◆ **WHAT YOU SHOULD DO**
For this exercise, retype all the data exactly and exclude every image.

◆ **COLLECTED MATERIAL**
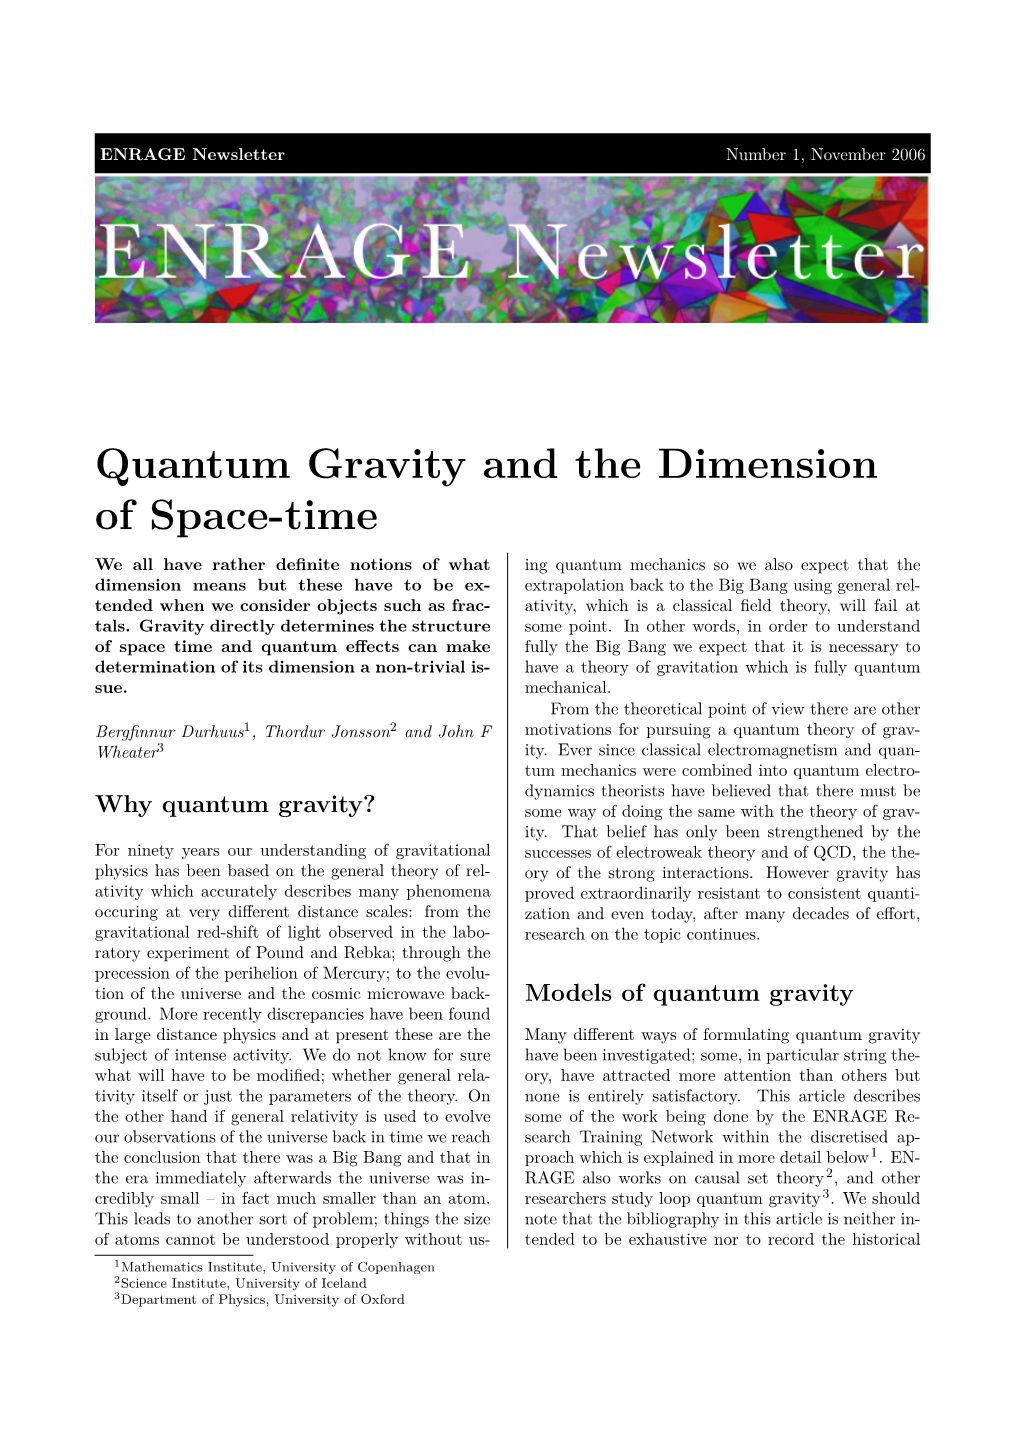 Quantum Gravity and the Dimension of Space-Time
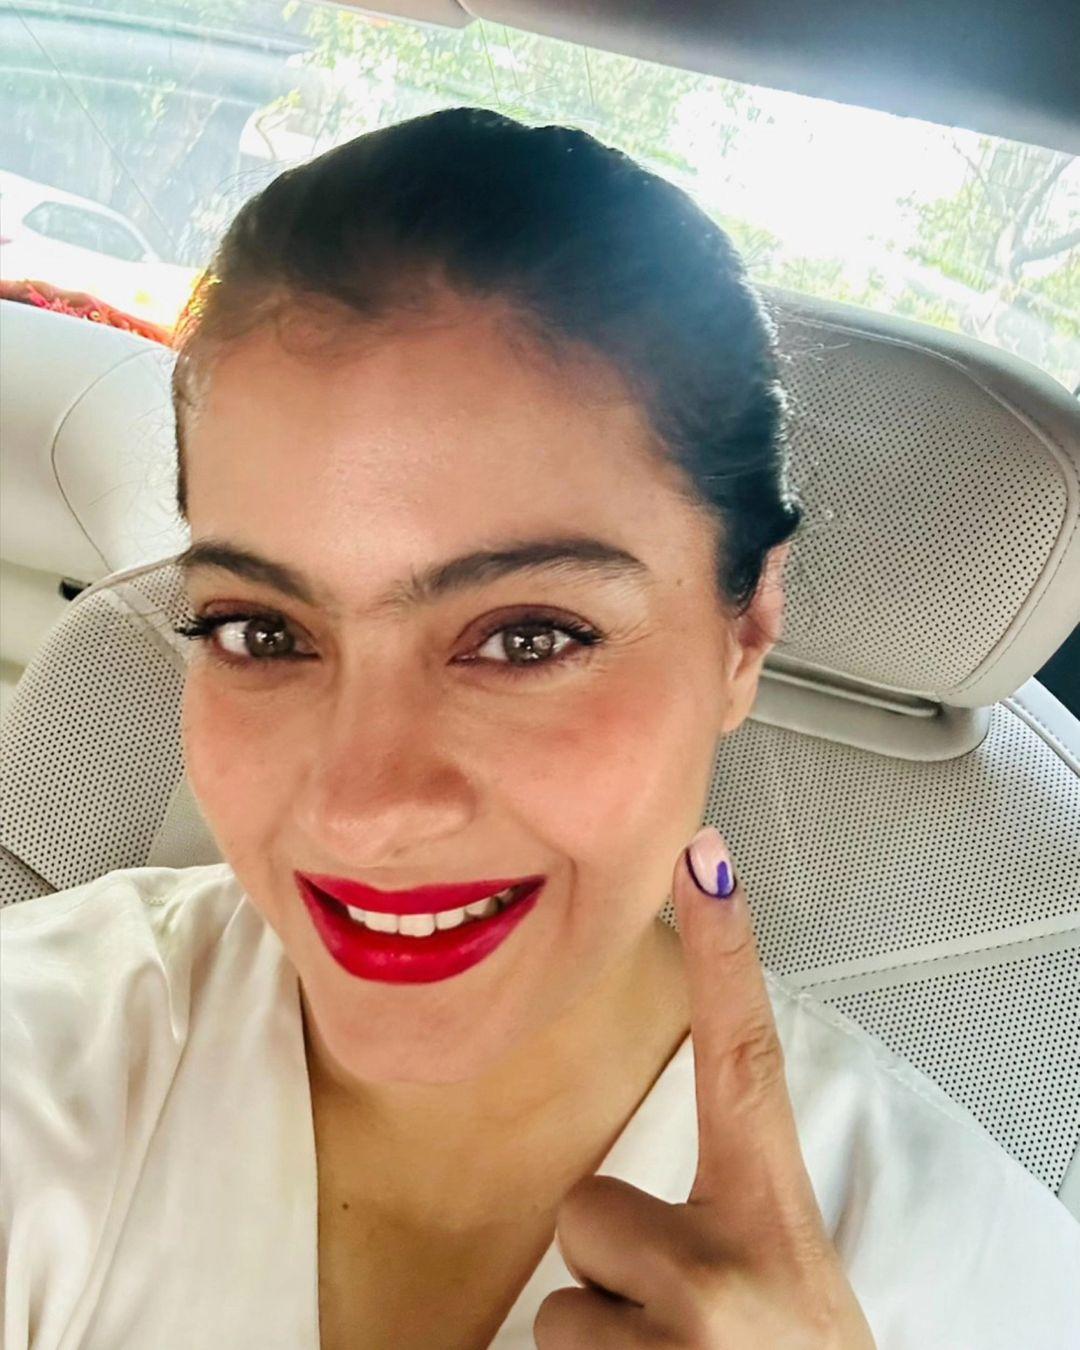 Kajol dropped a picture of herself after casting vote
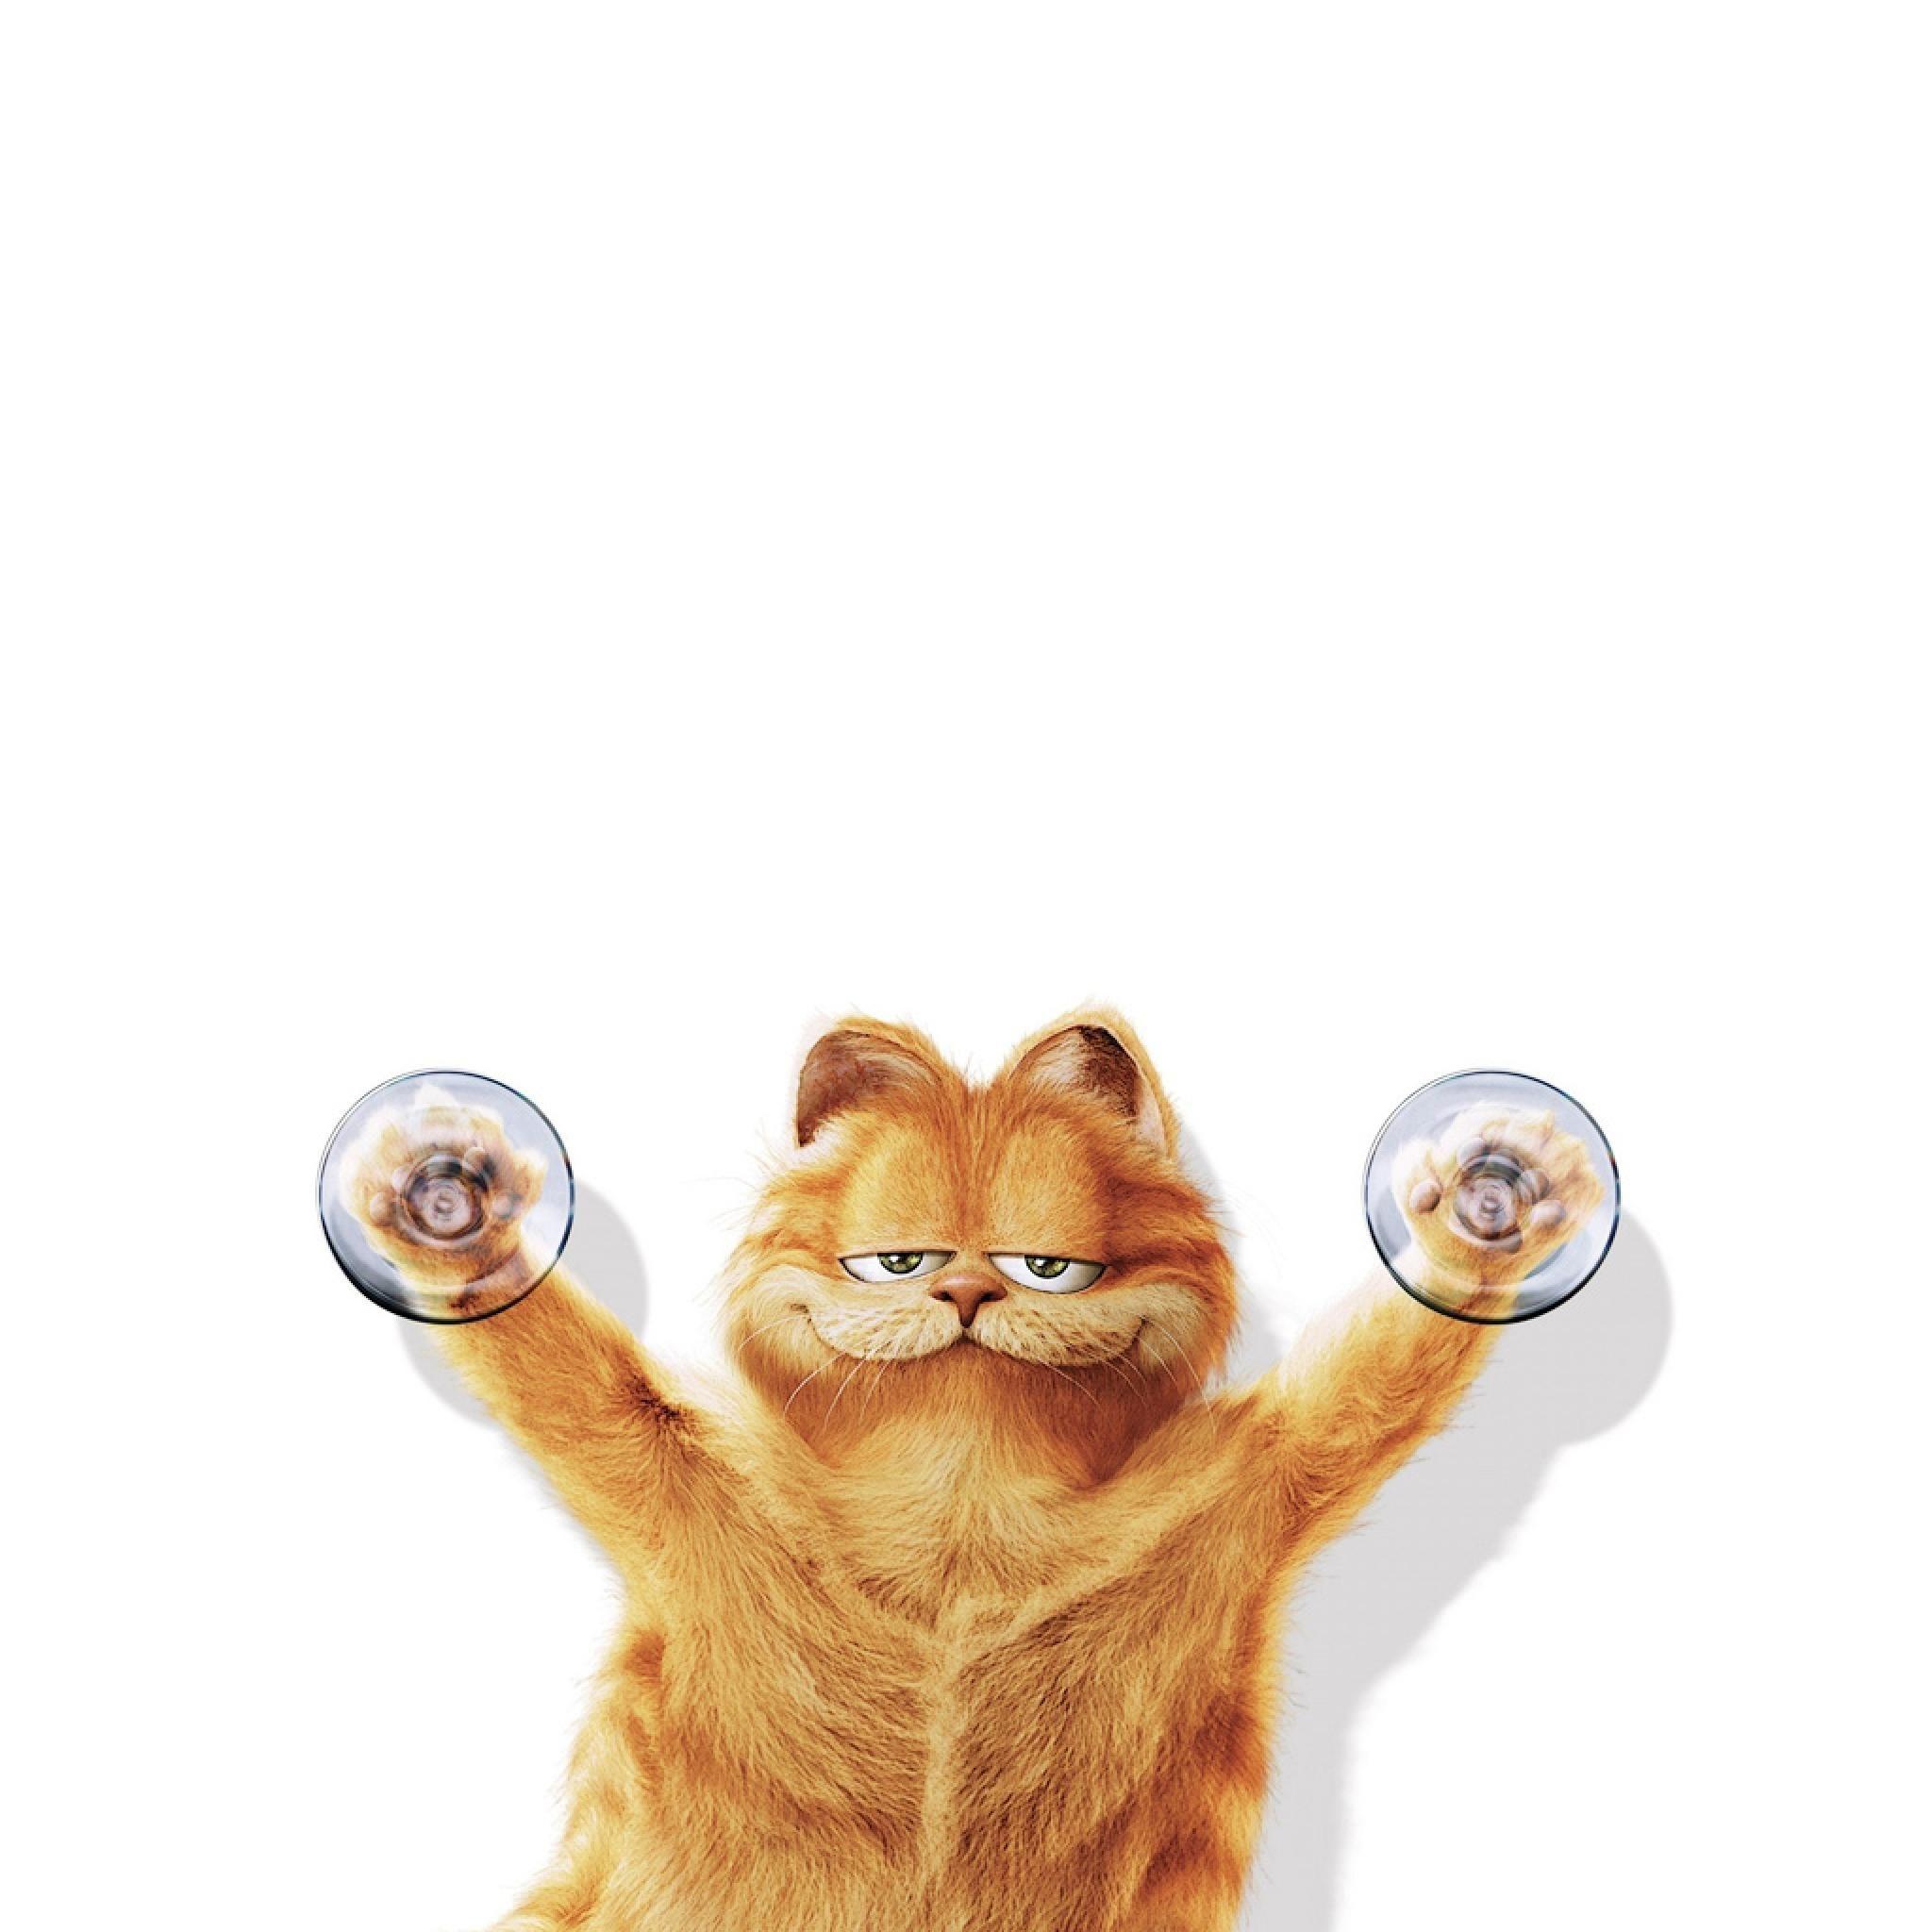 Fun Humor And Lazy But Kind Cat Garfield IPhone HD

◆ **REPLY**
 Quantum Gravity and the Dimension of Space-Time
 Kajol dropped a picture of herself after casting vote
 Fun Humor And Lazy But Kind Cat Garfield IPhone HD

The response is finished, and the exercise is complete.